Dispersion relation calculation - field sweeps#
This example shows how we can sweep parameters of the dispersion and plot different views on the data. In this example we will use the SingleLayer
class based on the Kalinikos-Slavin model [J. Phys. C: Solid State Phys., 19, 7013 (1986)] and plot field dependency of the selected spin wave properties (e.g. mode frequencies and decay lengths) for specified set of k-vectors. The same approach can be used also with other classes available in
SpinWaveToolkit.
Let’s start by importing necessary modules and defining material and “experiment” parameters:
[1]:
#necessary imports
import SpinWaveToolkit as SWT
import numpy as np
import matplotlib.pyplot as plt
[2]:
# prepare arrays with k-vectors and B-field values of interest
k = np.linspace(0, 10e6, 101) # k-vector values in rad/m,
k[0] = 1e-5 # we use k=1e-5 instead of k=0 to avoid badly conditioned calculations at k=0
B = np.linspace(0, 100e-3, 101) # define values of a field sweep in T
B[0] = 1e-5 # we use B=1e-5 instead of B=0 to avoid badly conditioned calculations at B=0
# Define the experiment geometry
theta = np.pi/2 # (rad) for in-plane magnetization
phi = np.pi/2 # (rad) for Damon-Eshbach geometry
# Define material parameters
# We will use built-in material parameters of NiFe in this example. Built in materials are: (NiFe, YIG, CoFeB, FeNi).
mat = SWT.NiFe
d = 30e-9 # (m) layer thickness
bc = 1 # boundary conditions (1 - totally unpinned, 2 - totally pinned spins)
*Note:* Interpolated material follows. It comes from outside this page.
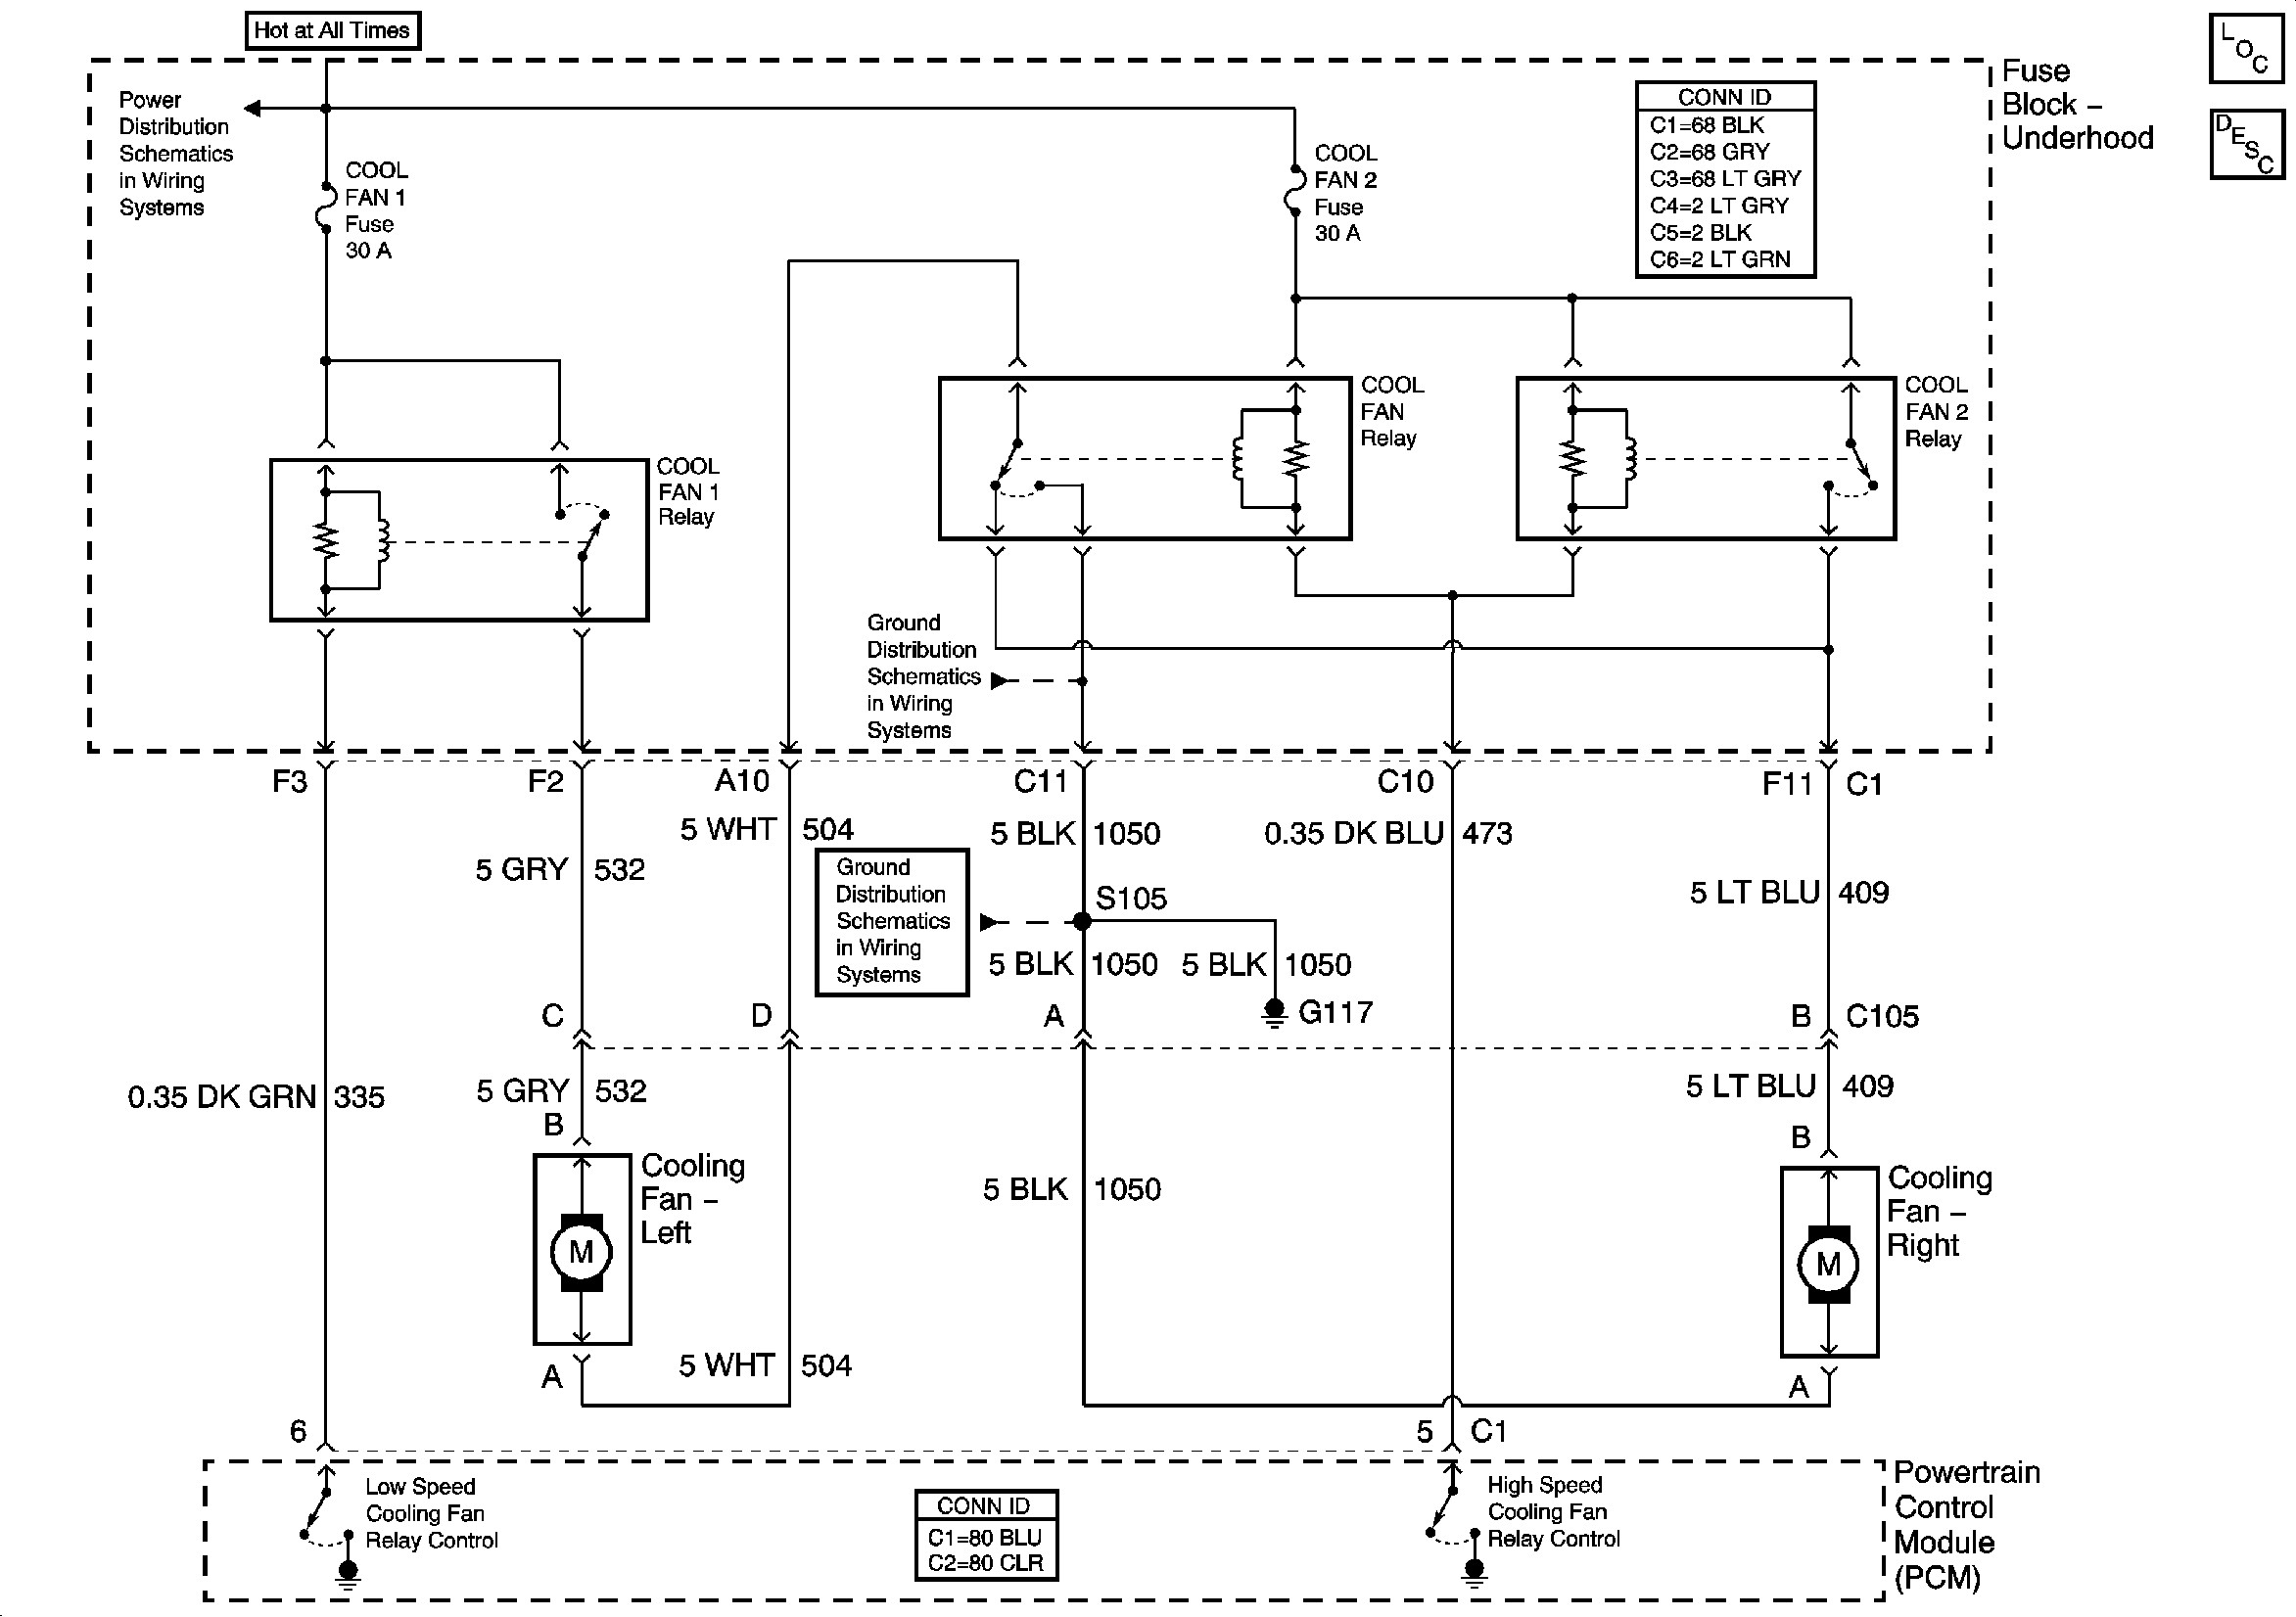 2001 Chevy Malibu 3 1 Engine Diagram Diagram Likewise Cooling Fan Relay Wiring Diagram to Her with 04 Of 2001 Chevy Malibu 3 1 Engine Diagram

Calculate dispersions for defined values of external magnetic field#
Now we can initiate SWT.SingleLayer
and just change the Bext
attribute for every field value and store everything in a 2D array.
[3]:
# Create numpy arrays n0 and decay0 for all fields and k-vectors defined in B and kxi
n0 = [] #initialize list of arrays
decay0 = [] #initialize list of arrays
sl = SWT.SingleLayer(B[0], mat, d, k, theta, phi, boundary_cond=bc)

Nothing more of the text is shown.